Dalam kasus ini, pilar-pilar resiliensi bekerja secara nyata. Nilai organisasi menjaga orientasi pelayanan literasi. Tata kelola memungkinkan perubahan pola kerja dari program sektoral menjadi kolaborasi lintas kementerian. SDM aparatur dituntut mampu berkoordinasi, merancang program bersama, dan membaca peluang kebijakan. Resiliensi fiskal terlihat dari kemampuan menjaga output pembinaan meskipun anggaran langsung terbatas. Data dan sistem digital diperlukan agar pembinaan Sekolah Rakyat dapat dipetakan, dipantau, dan dievaluasi. Koordinasi kelembagaan menjadi jembatan utama bagi kerja sama antara Perpusnas dan Kemensos. Sementara itu, layanan publik tetap menjadi tujuan akhir: anak-anak di Sekolah Rakyat tetap memperoleh akses terhadap bacaan, pendampingan literasi, dan dukungan pengetahuan.

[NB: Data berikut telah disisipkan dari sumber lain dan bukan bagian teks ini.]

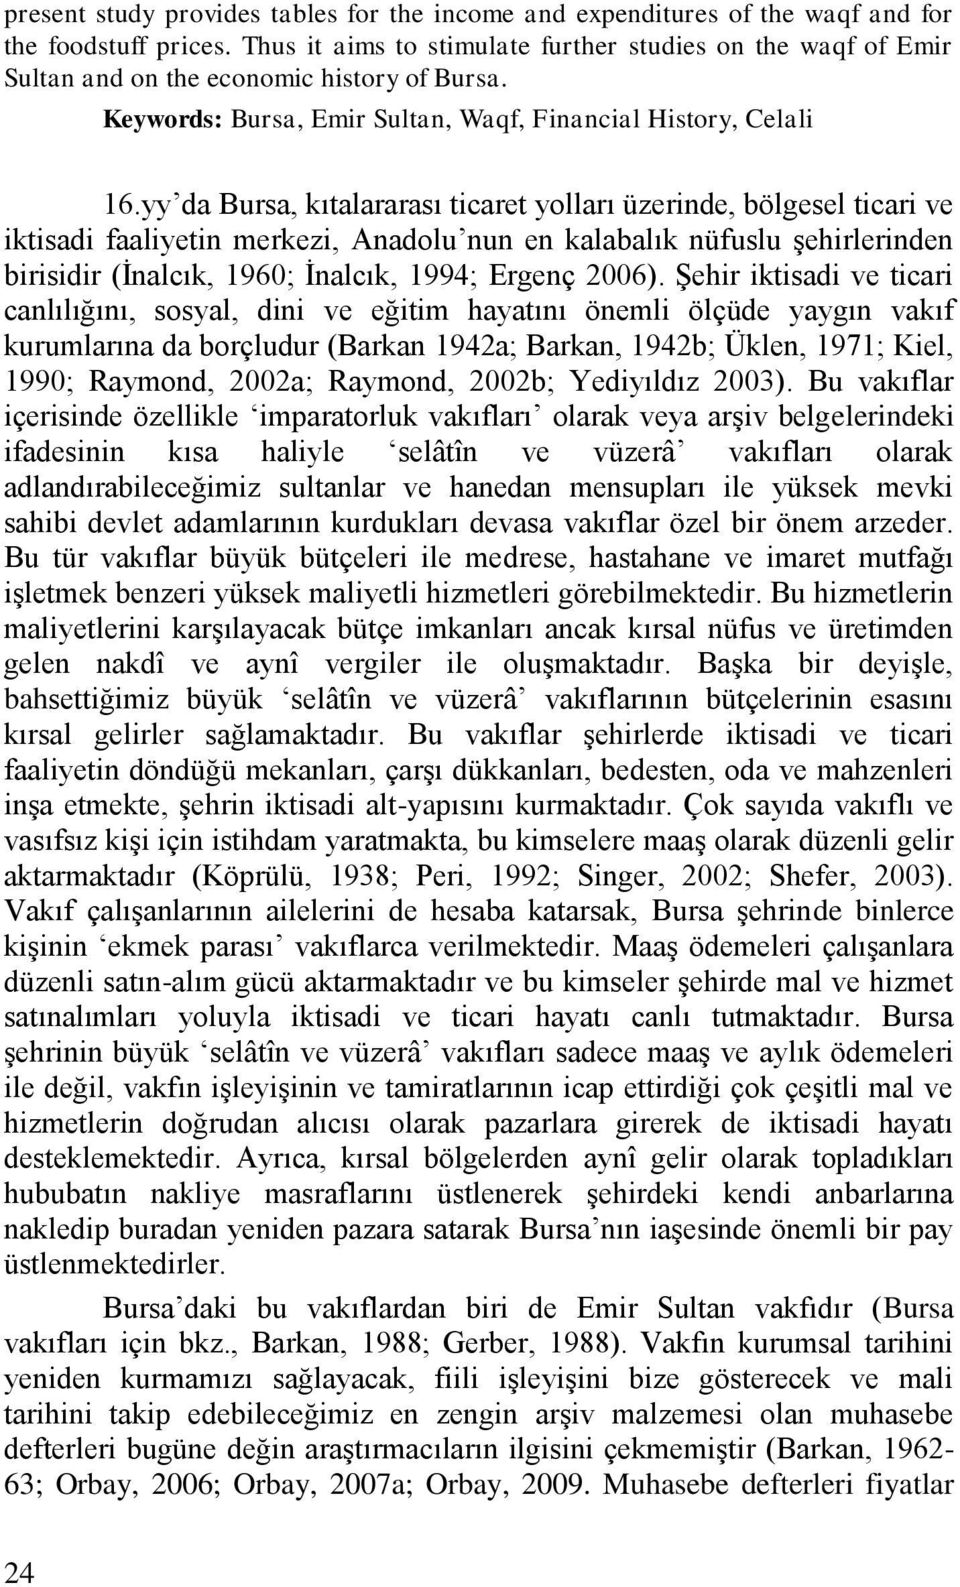 yy da Bursa, kıtalararası ticaret yolları üzerinde, bölgesel ticari ve iktisadi faaliyetin merkezi, Anadolu nun en kalabalık nüfuslu şehirlerinden birisidir (İnalcık, 1960; İnalcık, 1994; Ergenç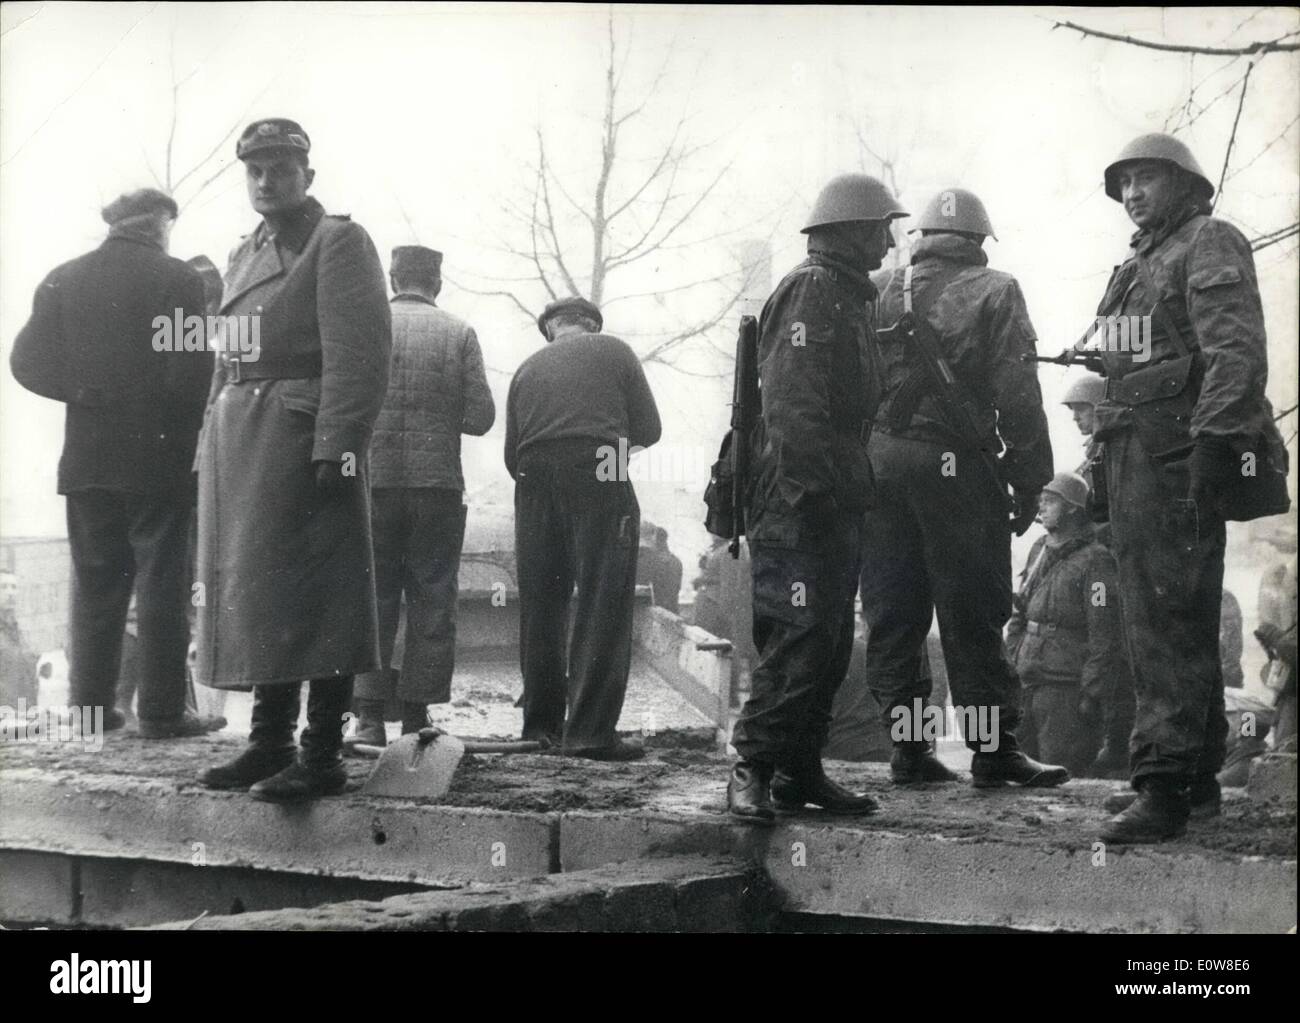 Nov 11, 1961 - Nuevo welle,c blonk andsplinte ditohes en Berlín ops : soldado de la wvolksarmee''viendo civiles de los trabajadores de Berlín oriental que debe construir el nuevo muro de concierto. En el fondo los trabajadores civiles. Foto de stock

Contoh ini memperlihatkan bahwa resiliensi kelembagaan bukan hanya soal bertahan dengan sumber daya yang ada. Resiliensi juga berarti mencari cara baru agar fungsi utama organisasi tetap berjalan. Ketika anggaran terbatas, kerja sama lintas sektor dapat menjadi jalan untuk menjaga keberlanjutan layanan.
Dari contoh tersebut terlihat bahwa resiliensi birokrasi pada akhirnya harus bermuara pada keberlanjutan layanan yang dirasakan langsung oleh masyarakat.
Penutup
Pada akhirnya, publik tidak menilai negara dari banyaknya regulasi, besarnya struktur, atau canggihnya aplikasi digital. Publik menilai negara dari satu hal yang paling nyata: apakah layanan tetap hadir ketika tekanan datang bersamaan.
Karena itu, resiliensi kelembagaan pemerintah harus menjadi fondasi baru bagi tata kelola pemerintahan modern. Negara yang kuat bukan hanya negara yang memiliki program besar. Negara yang kuat adalah negara yang kelembagaannya tetap berfungsi ketika anggaran menyempit, prioritas berubah, sistem terganggu, dan keadaan tidak lagi berjalan normal.